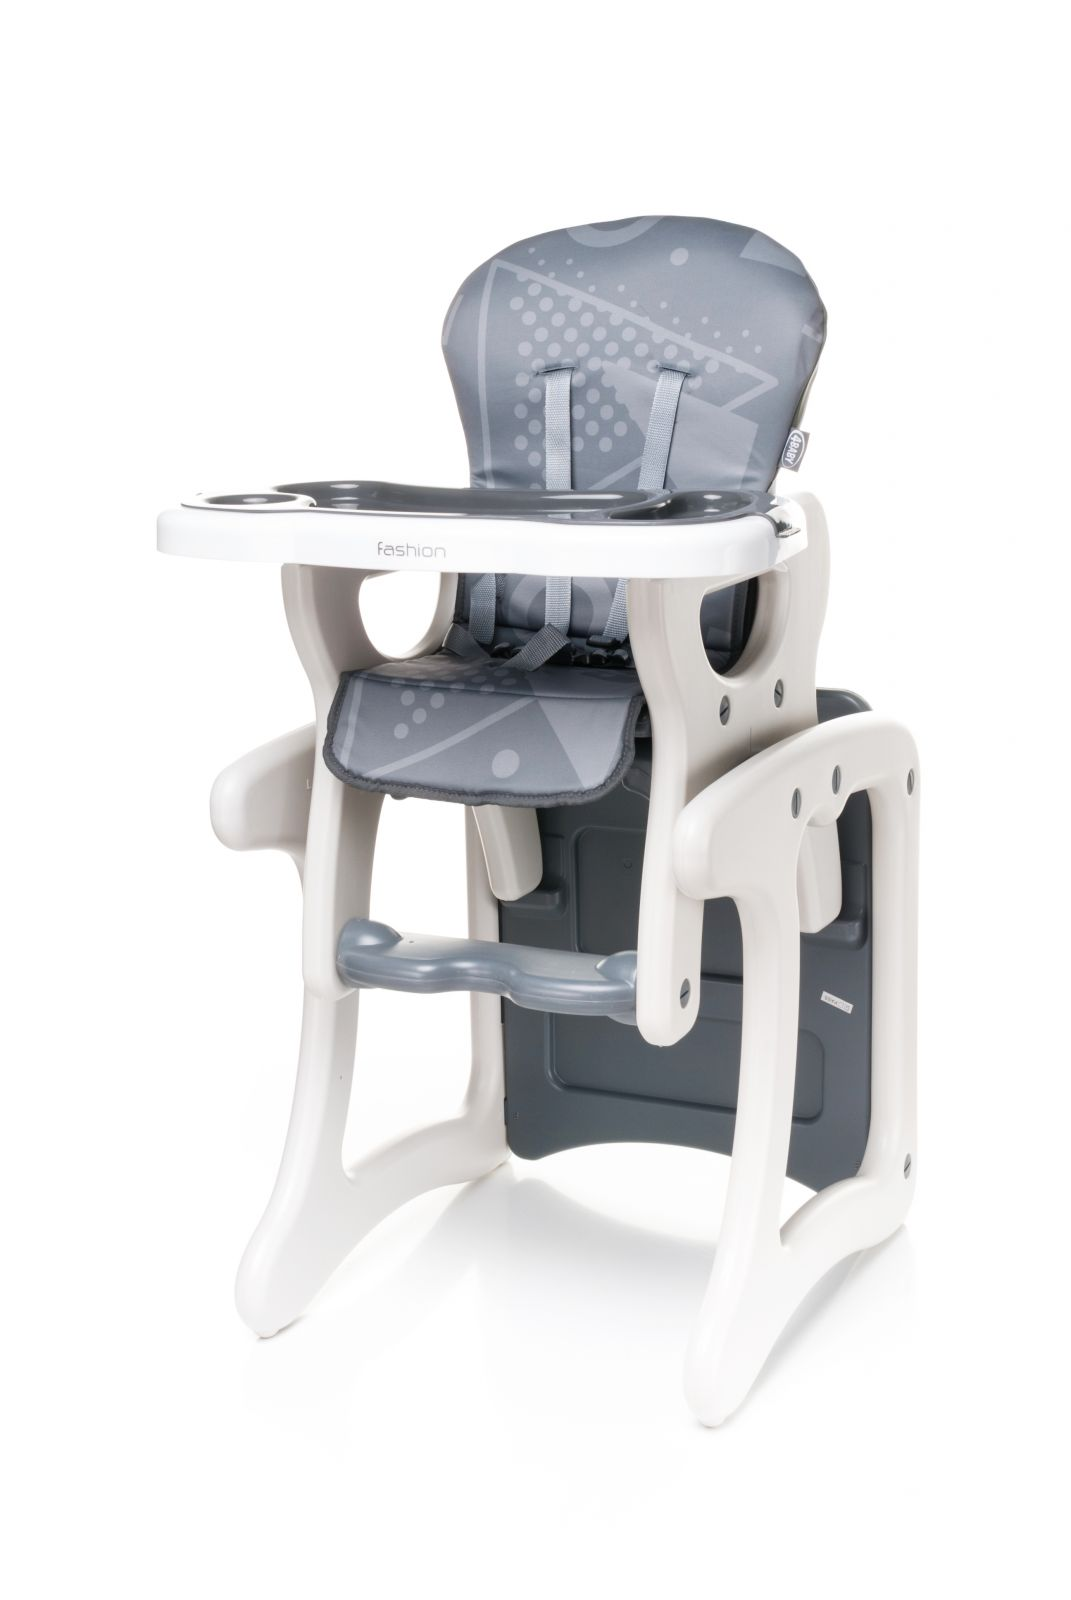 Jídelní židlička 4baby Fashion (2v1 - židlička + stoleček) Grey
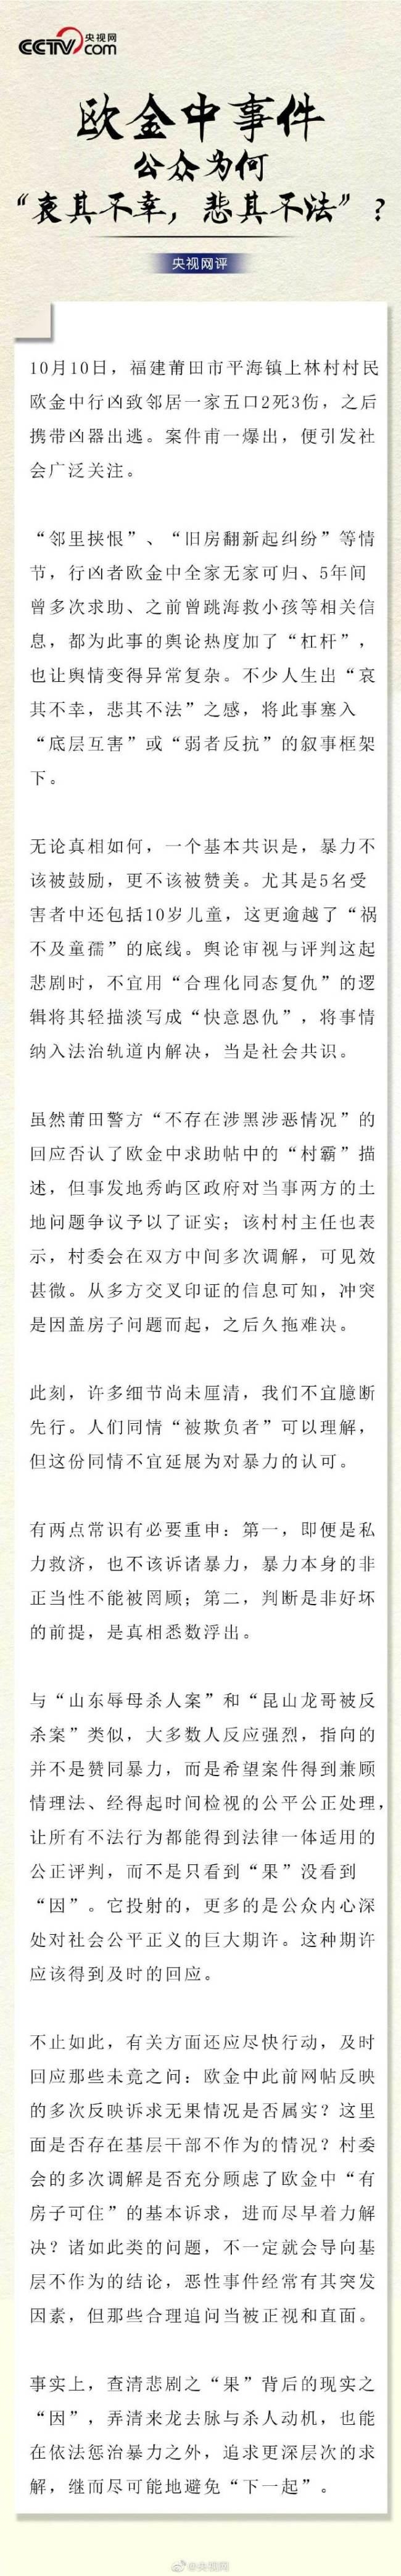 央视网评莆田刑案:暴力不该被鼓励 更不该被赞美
┄┄┄┄┄┄┄┄┄┄┄┄┄┄┄┄┄┄┄┄
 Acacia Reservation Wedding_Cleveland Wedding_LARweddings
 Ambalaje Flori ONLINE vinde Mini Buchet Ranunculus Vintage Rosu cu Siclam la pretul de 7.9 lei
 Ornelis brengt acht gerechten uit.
┄┄┄┄┄┄┄┄┄┄┄┄┄┄┄┄┄┄┄┄
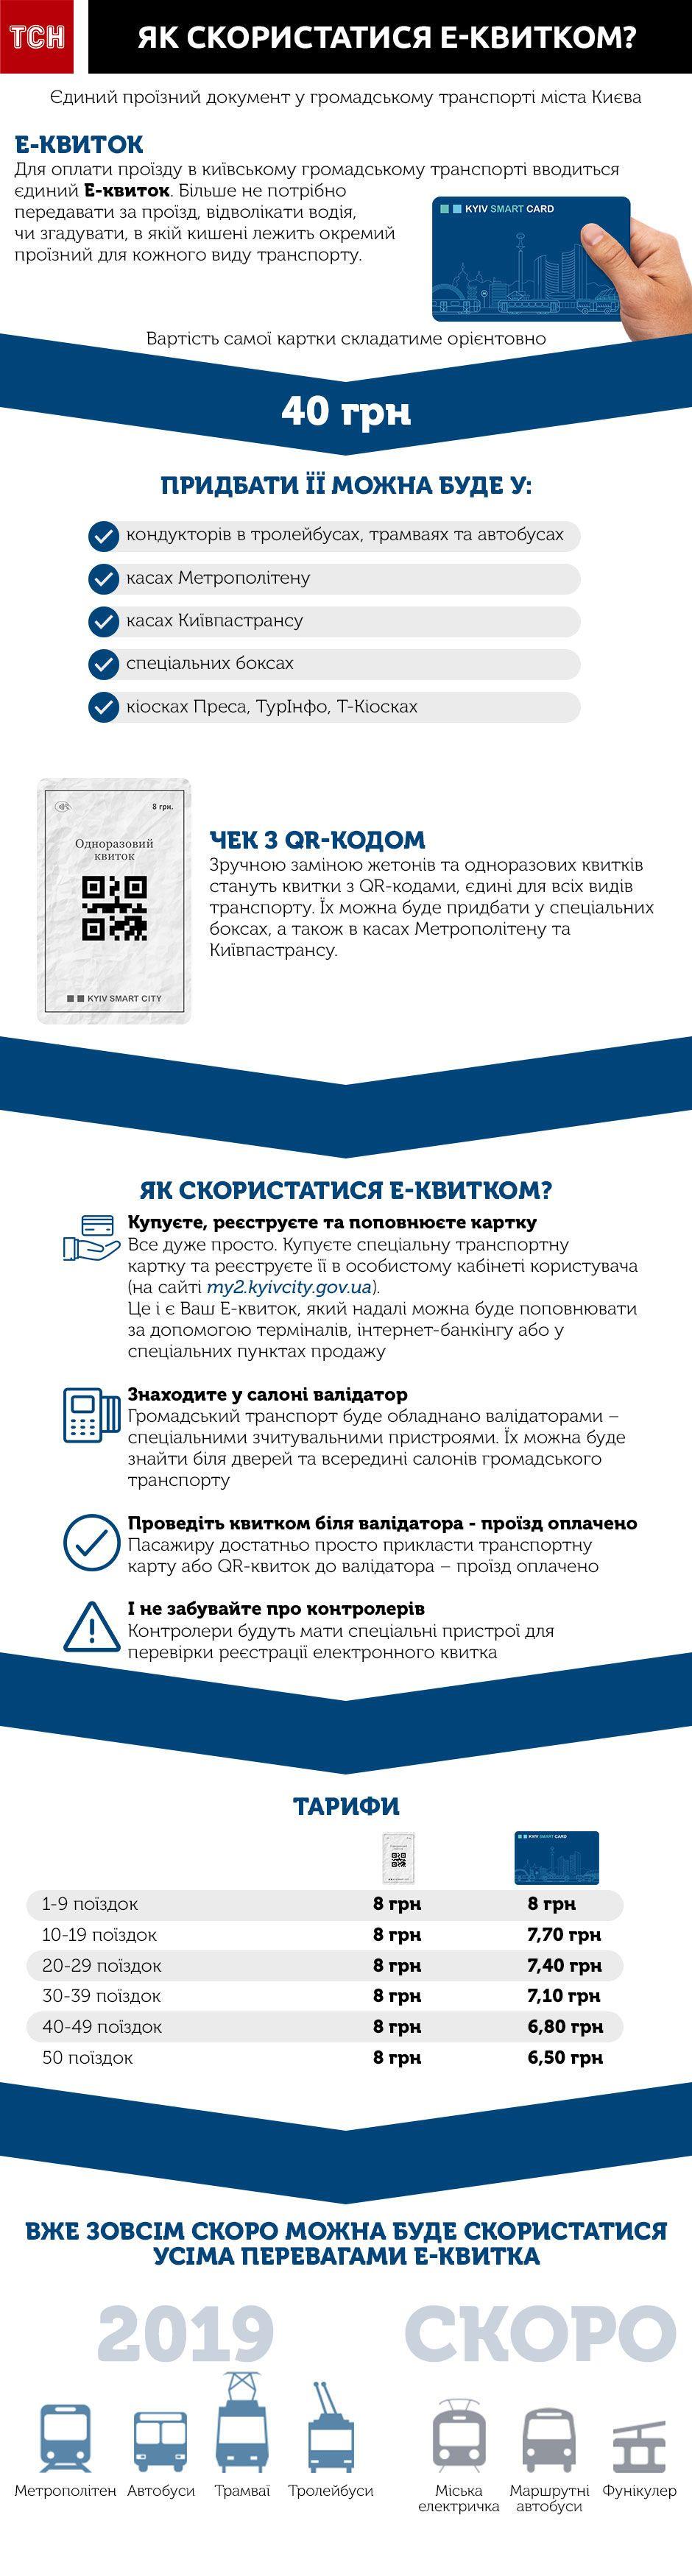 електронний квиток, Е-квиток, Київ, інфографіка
┄┄┄┄┄┄┄┄┄┄┄┄┄┄┄┄┄┄┄┄
> **PROBLEM TO SOLVE**: In the listing above, the lines from the one containing "Acacia Reservation Wedding_Cleveland" through the one containing "Ornelis brengt acht gerechten uit." must be set down exactly, with no other lines.

> **ANSWER TO THE EXERCISE**:
 Acacia Reservation Wedding_Cleveland Wedding_LARweddings
 Ambalaje Flori ONLINE vinde Mini Buchet Ranunculus Vintage Rosu cu Siclam la pretul de 7.9 lei
 Ornelis brengt acht gerechten uit.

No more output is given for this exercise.